(SUPPLIED MATERIAL)

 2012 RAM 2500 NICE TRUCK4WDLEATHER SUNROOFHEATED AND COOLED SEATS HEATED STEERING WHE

(End SUPPLIED MATERIAL)
(SUPPLIED MATERIAL)

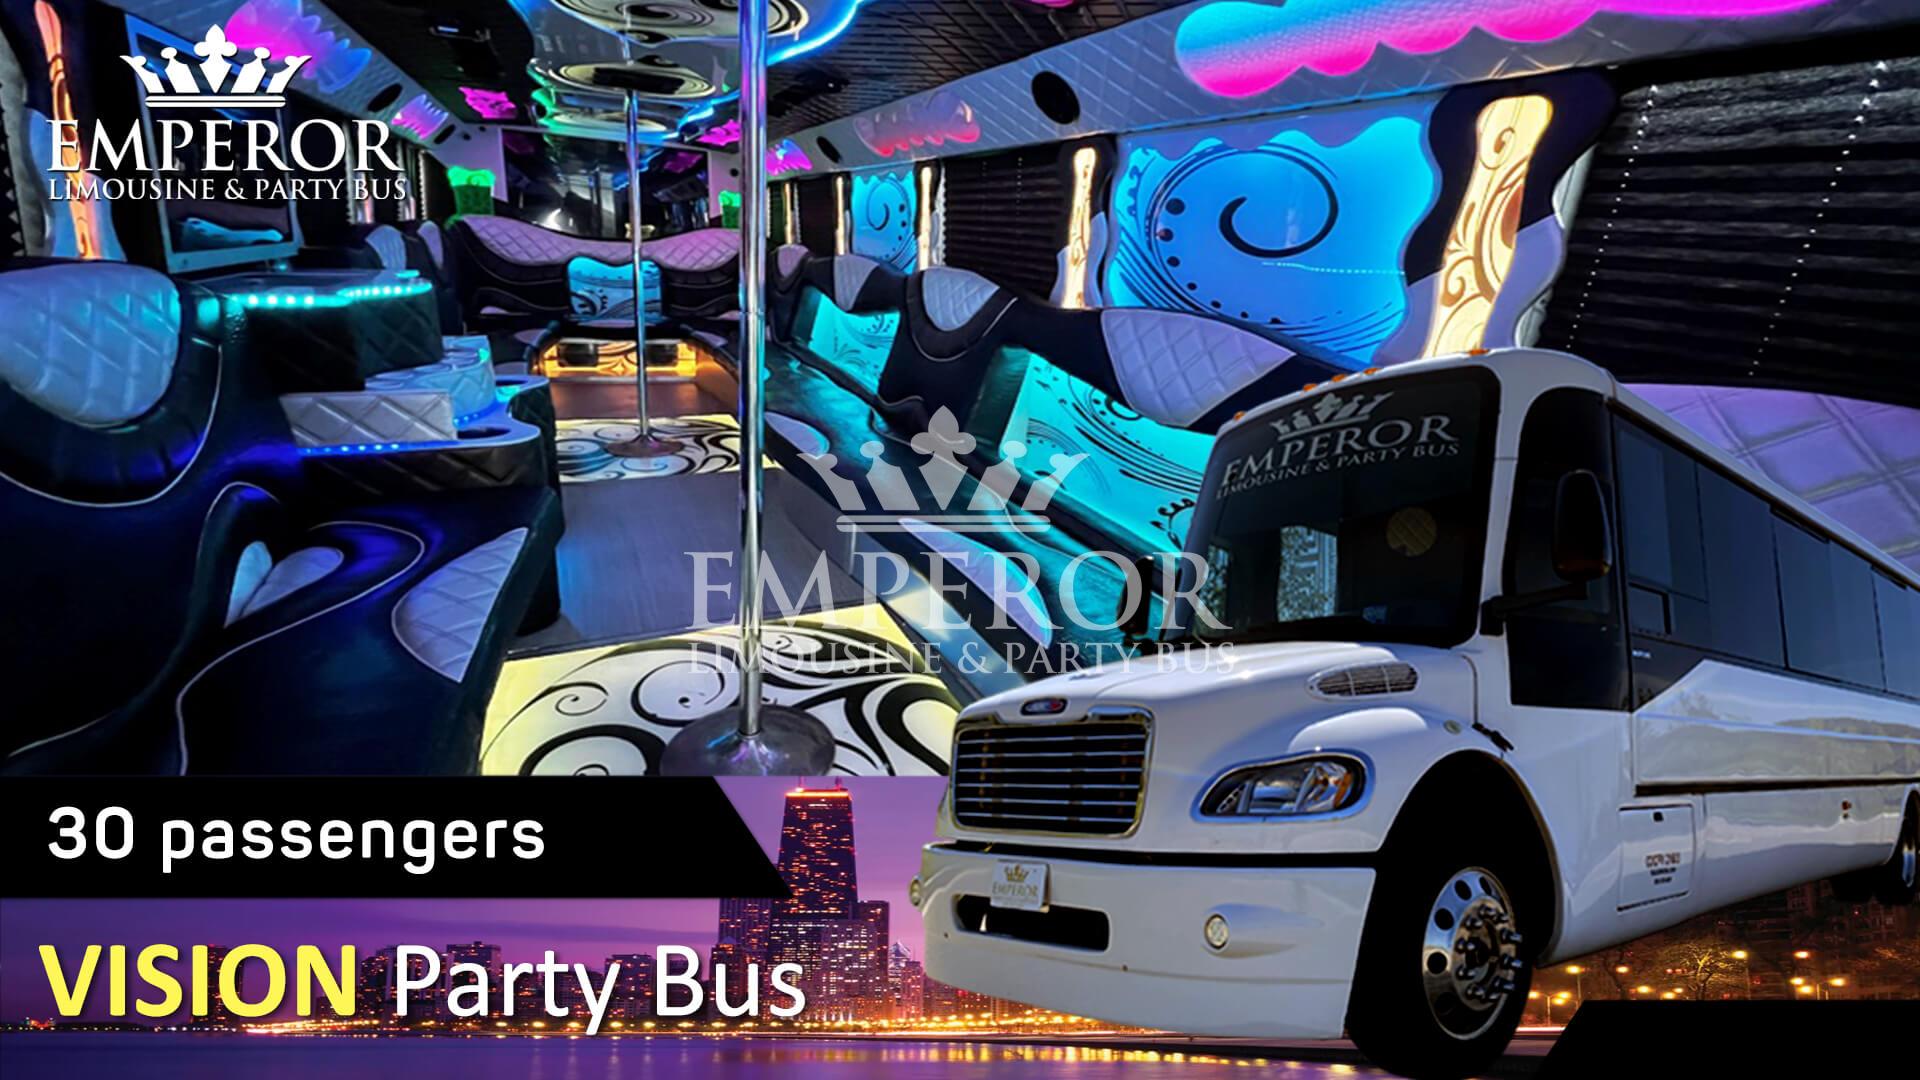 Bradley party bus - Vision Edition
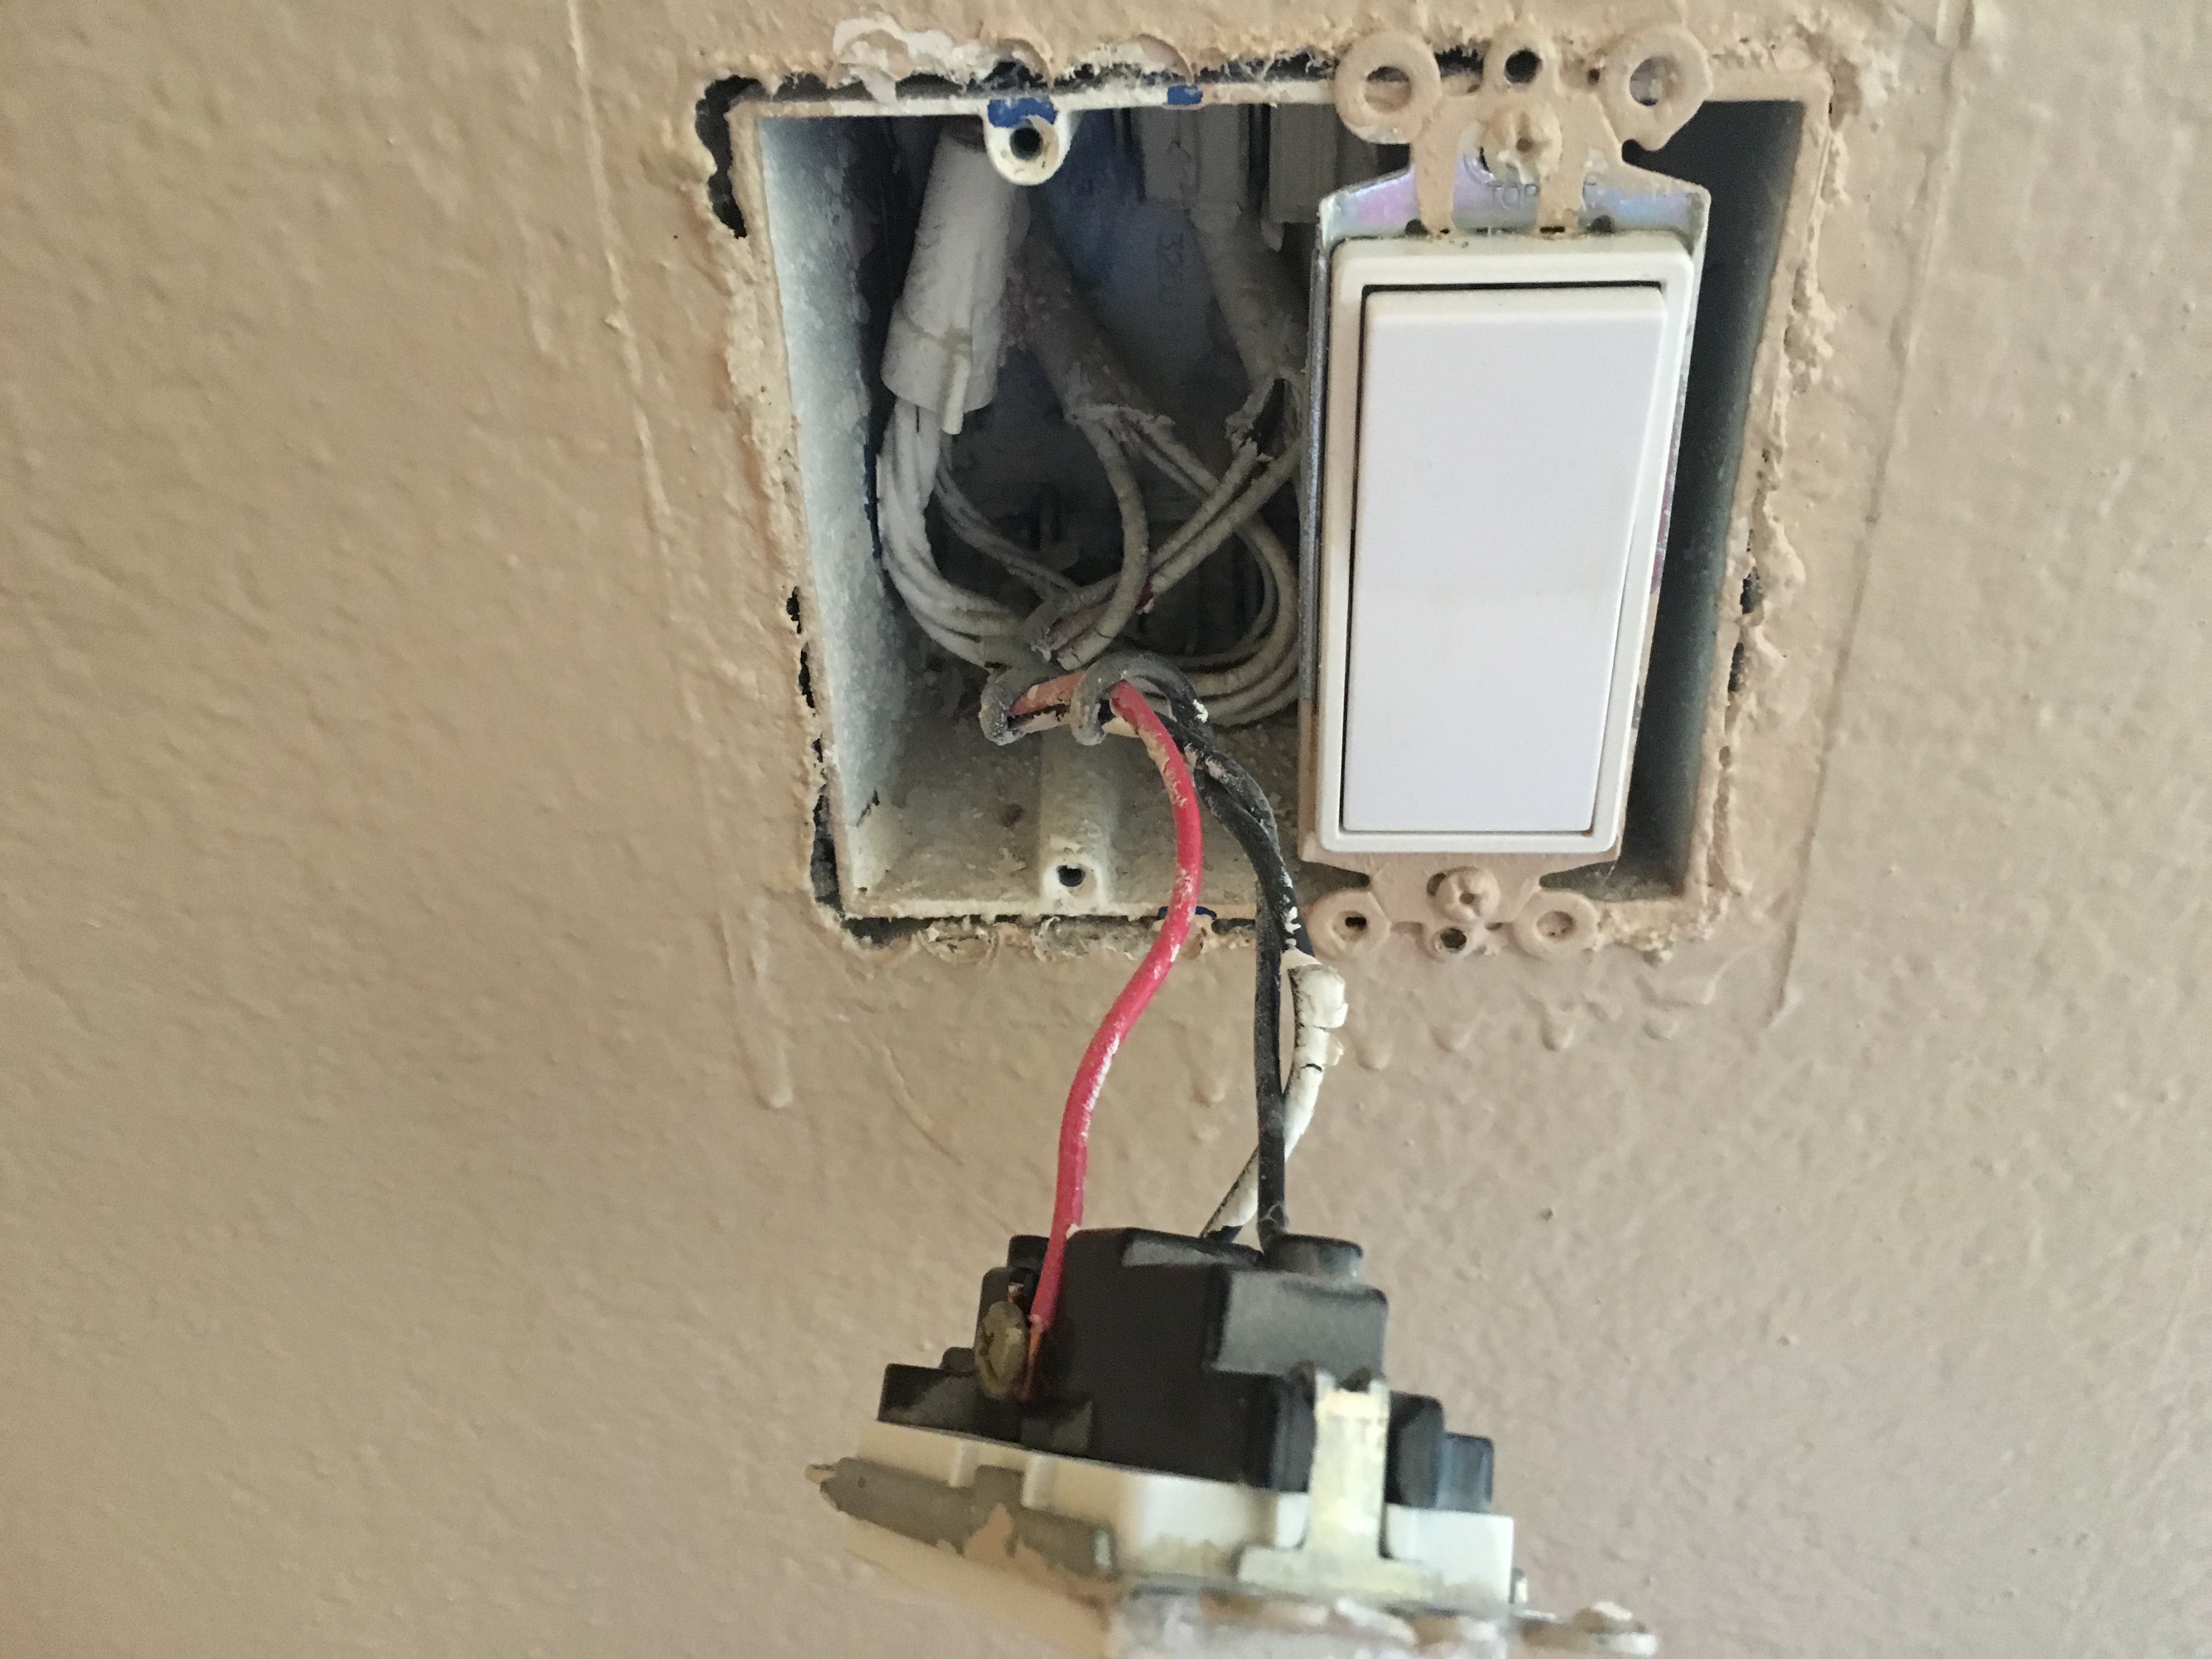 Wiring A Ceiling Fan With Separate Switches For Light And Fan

(End SUPPLIED MATERIAL)

YOUR GOAL
From the records above, transcribe exactly the lines starting at the one containing "Bradley party bus - Vision Edition" and ending at the one containing "Wiring A Ceiling". Skip the pictures.

WRITTEN ANSWER
 Bradley party bus - Vision Edition
 Wiring A Ceiling Fan With Separate Switches For Light And Fan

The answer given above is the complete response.